Event: Recentering Our Universities

National Association of Scholars

In the past 60 years, American universities abandoned traditional general education requirements that gave students shared knowledge of the history, ideals, and institutions of America and Western Civilization, as well as a proper introduction to science, mathematics, and writing composition. Our college graduates all too frequently have learned to hate America from ignorance, but lack the knowledge they need to succeed in their careers or act as informed citizens. The American public rightly has lost its confidence in higher education and its ability to train tomorrow’s teachers, physicians, and leaders.

The General Education Act provides a solution.
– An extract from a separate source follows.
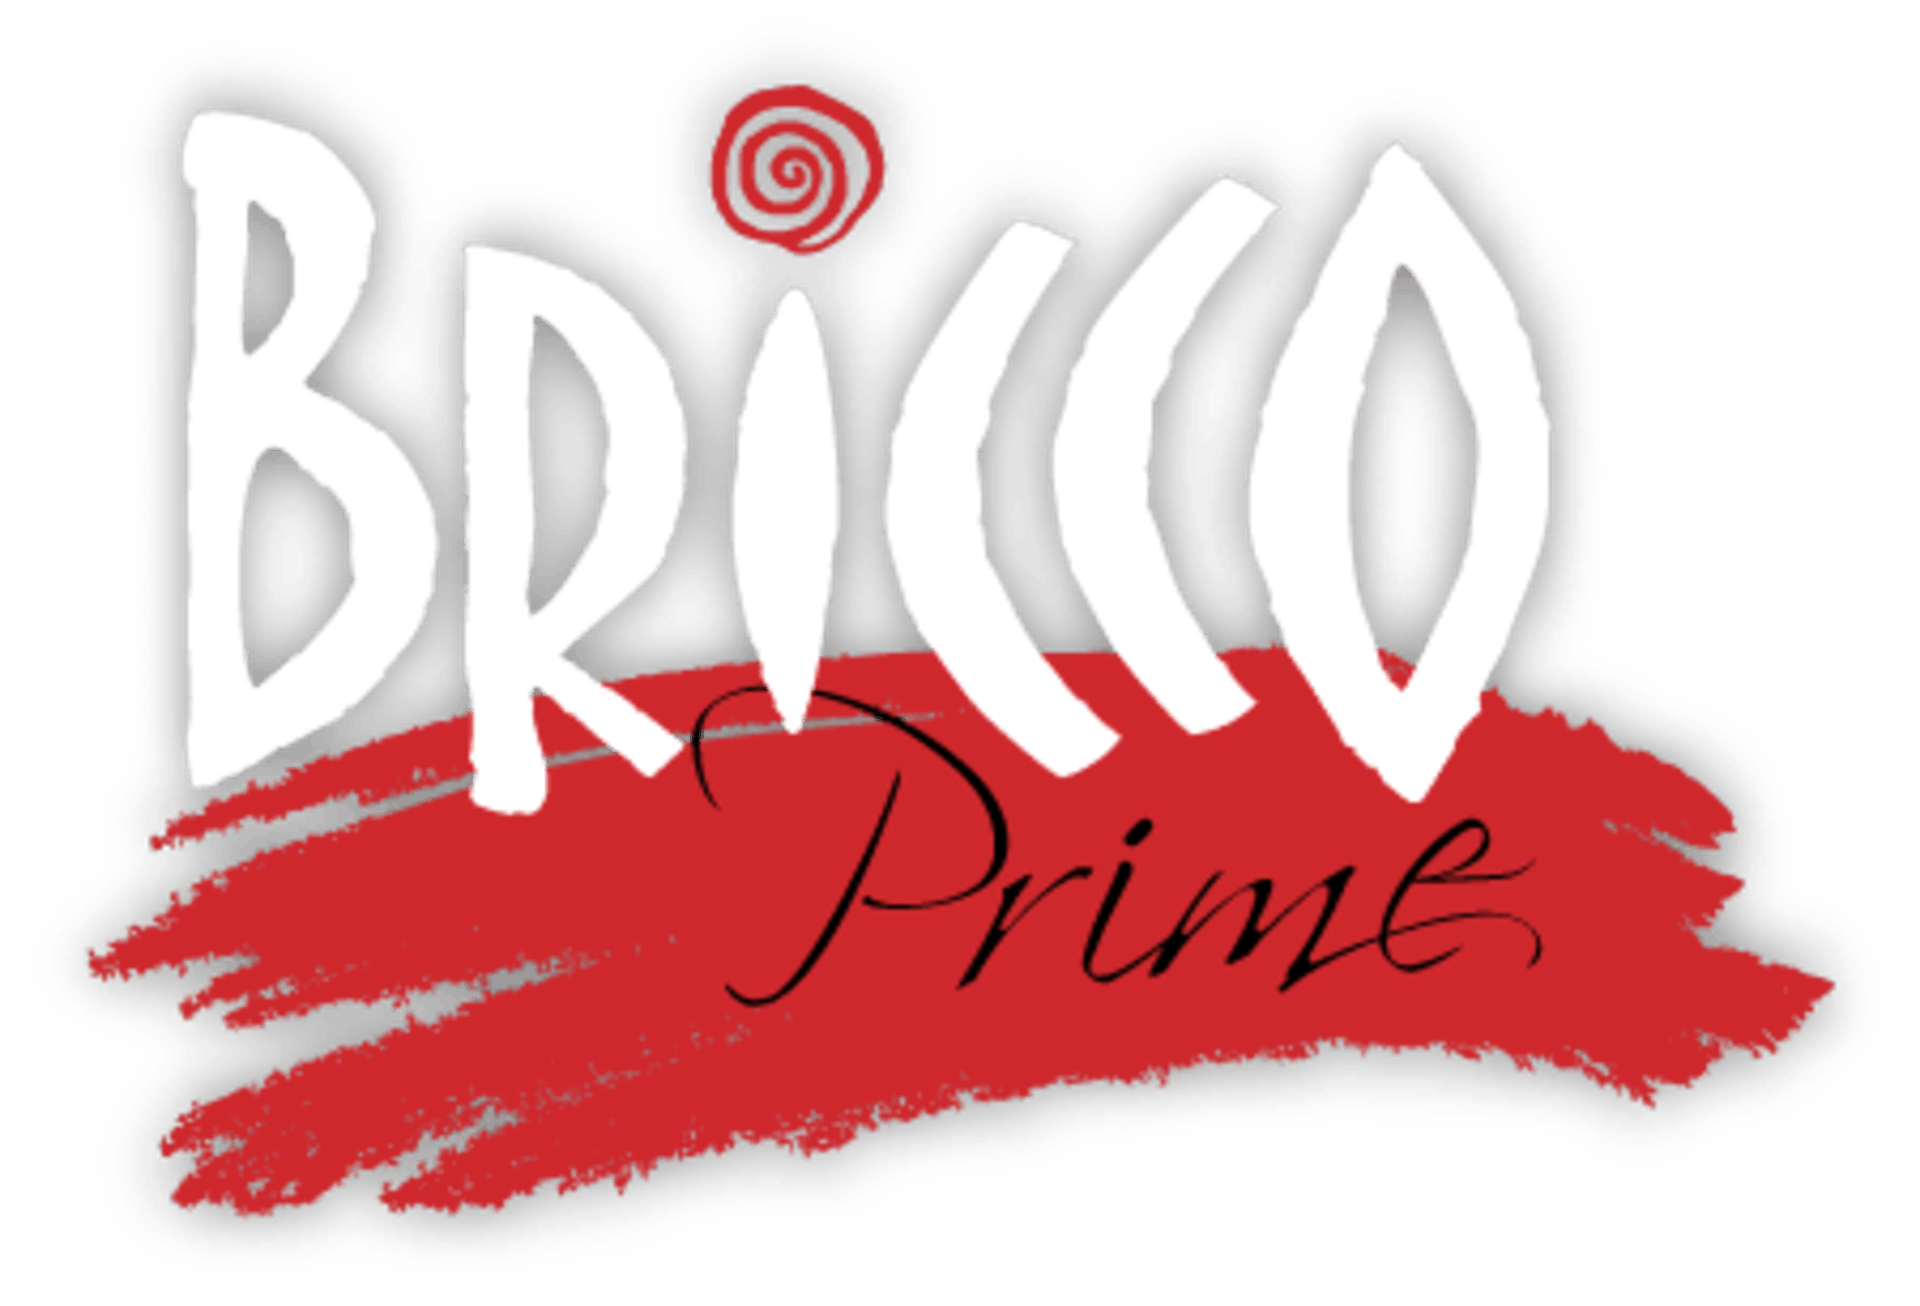 Bricco Prime Logo

The National Association of Scholars (NAS), the James G. Martin Center for Academic Renewal, and the Ethics & Public Policy Center (EPPC) have published the new model General Education Act (GEA). The GEA reforms and replaces the failed system of cafeteria-style distribution requirements geared to faculty research specialties, rather than to the true requisites of liberal education. The Act's authors—Stanley Kurtz of EPPC, David Randall of NAS, and Jenna Robinson of the Martin Center—will discuss why the GEA is necessary, what it aims to achieve, and why it is a practical means to achieve its goal.

Join the National Association of Scholars on Thursday, November 16, at 2 pm ET, to learn more about the GEA and how it will restore a common civic education to the center of American public university education.

This event will feature Stanley Kurtz, Senior Fellow at EPPC; David Randall, Director of Research at NAS; Jenna Robinson, President of the James G. Martin Center for Academic Renewal; and Shannon Watkins, Research Associate at the James G. Martin Center for Academic Renewal.